On Mar 23, 2019, at 7:21 AM, Daniel Holth <dholth@gmail.com> wrote:

Hello. Can you help me to learn to debug tls problems in twisted?

Hi Daniel!  Thanks so much for trying to improve this aspect of the Twisted ecosystem.

I was disappointed that txacme, an automatic way to get certificates for twisted web, stopped working, so I'm trying to add a responder for the new challenge type.

This situation is definitely bad; as JP tersely put it on https://github.com/twisted/txacme/issues/148, "The published documentation makes it appear as though the server endpoint works though it has apparently been broken for about a year".

But to prevent onlookers from thinking the situation is even worse than it is, please allow me to clarify:

txacme still "works" in the sense that it supports the http-01 challenge (which is still supported for the forseeable future, AFAIK), and its challenge/response implementation also powers https://pypi.org/project/lancer/, which uses the dns-01 challenge.  However, its endpoints (and particularly its string endpoint plugin) doesn't support this challenge directly.

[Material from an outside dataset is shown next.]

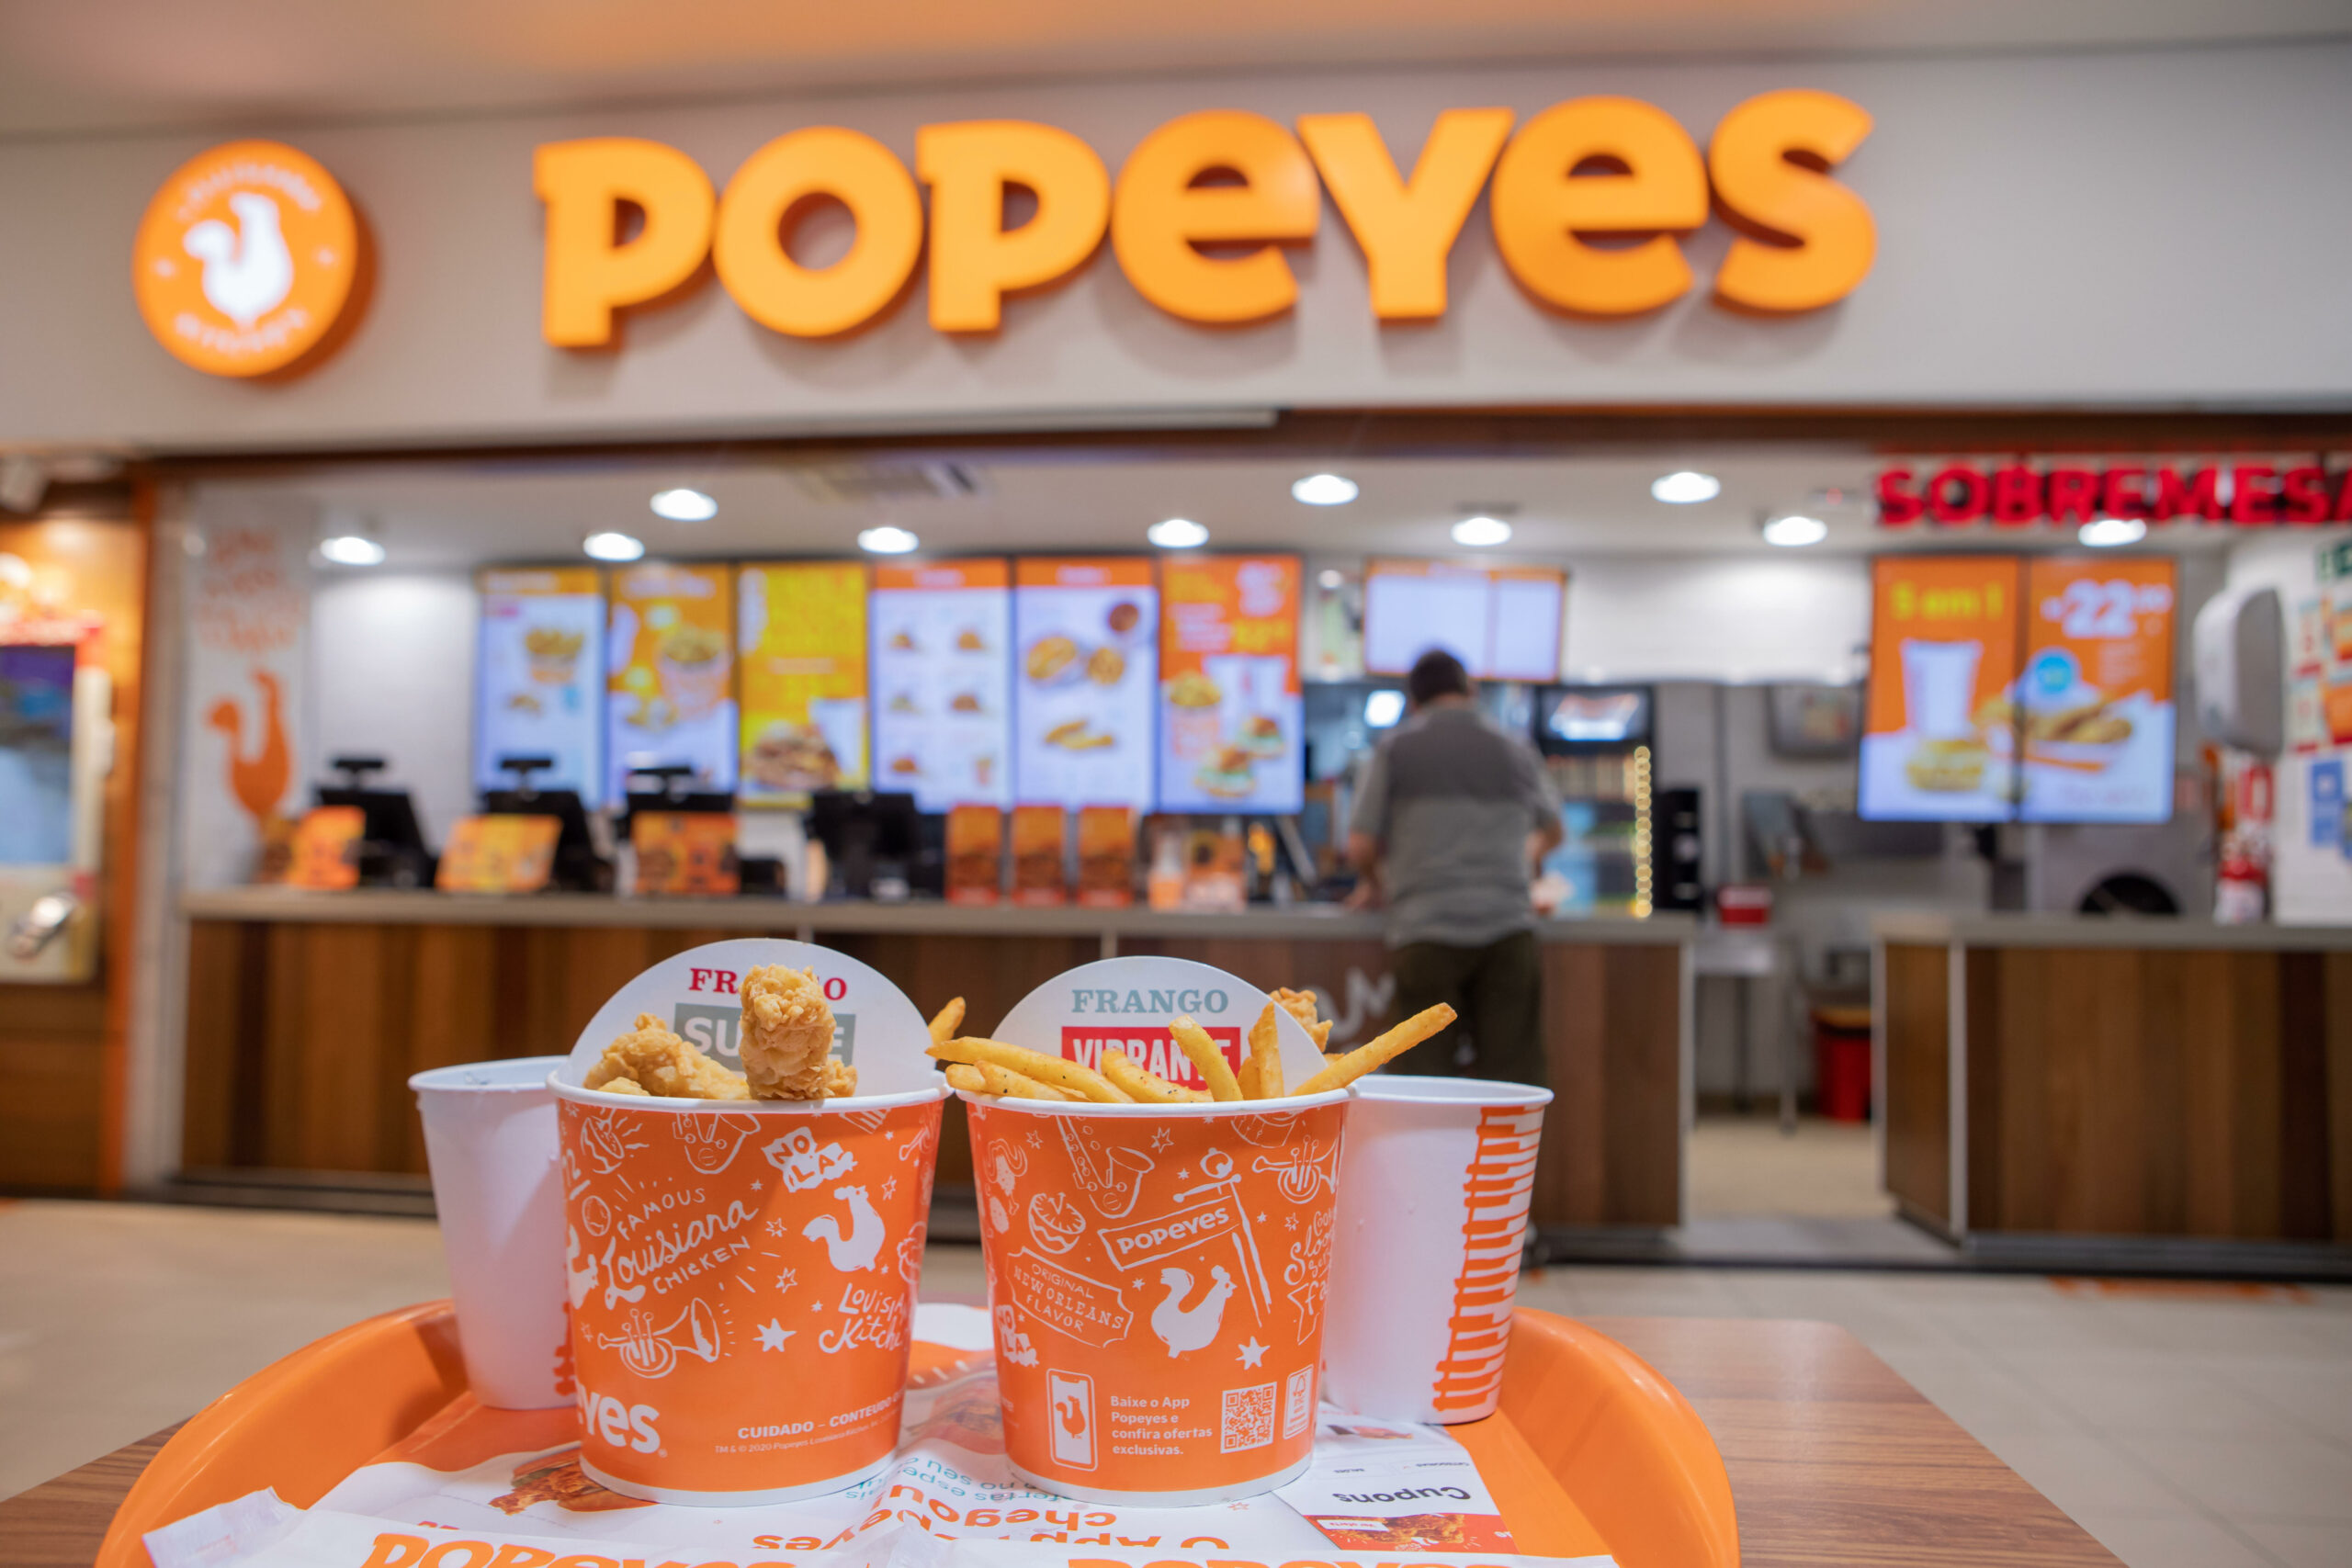 Restaurante Popeyes fará degustação gratuita de frango frito neste sábado em Salvador

The thing that's broken is sni-01, which was disabled globally by Let's Encrypt for security reasons: https://www.zdnet.com/article/lets-encrypt-disables-tls-sni-01-validation/

One approach to fixing this is to implement a string endpoint syntax that listens on port 80 and supports HTTP-01 rather than trying to make TLS support TLS-ALPN-01.

See discussion here: https://github.com/twisted/txacme/issues/129.

Brian Warner already has a branch here: https://github.com/warner/txacme/tree/129-http01-endpoint but has not made a PR yet.  Perhaps you could resurrect this code, polish anything that needs polishing, and get it integrated and released :).

It sends a special certificate if the CA negotiates acme using alpn, proving domain control, then you get a certificate.

Seems to work with openssl s_client but letsencrypt says "no application protocol". Anyone know where that error comes from?


I suspect one thing you might be running into is this: https://github.com/pyca/pyopenssl/issues/769, i.e. the issue that caused Certbot to revert their own ALPN support: https://github.com/certbot/certbot/pull/6100.  This is an OpenSSL bug and there's not a whole lot Twisted can do about it.  See here where I ran into it myself, for this exact same reason: https://github.com/openssl/openssl/issues/7660#issuecomment-462104869

Even if you're not hitting this specific problem, continuing down this road (implementing the ALPN challenge using OpenSSL) is unfortunately a bad idea.

Fundamentally, the ALPN callback in OpenSSL is poorly designed, and optimized for the very specific negotiation process that HTTP/2 requires.  The guidance from people familiar with OpenSSL is - and I know this sounds like a joke, I wish I were kidding here, but no, this is seriously the recommendation - implement your own parser for the ClientHello, extract the ALPN field yourself, then construct an OpenSSL connection object based on what you find there, and hand it the bytes you just parsed.

Given the mechanics of the challenge message (i.e.: it's going to be in the initial clienthello) you could probably cheese it with a regex just to get something working.

I hope this was helpful.  Good luck, and please keep us posted on your efforts!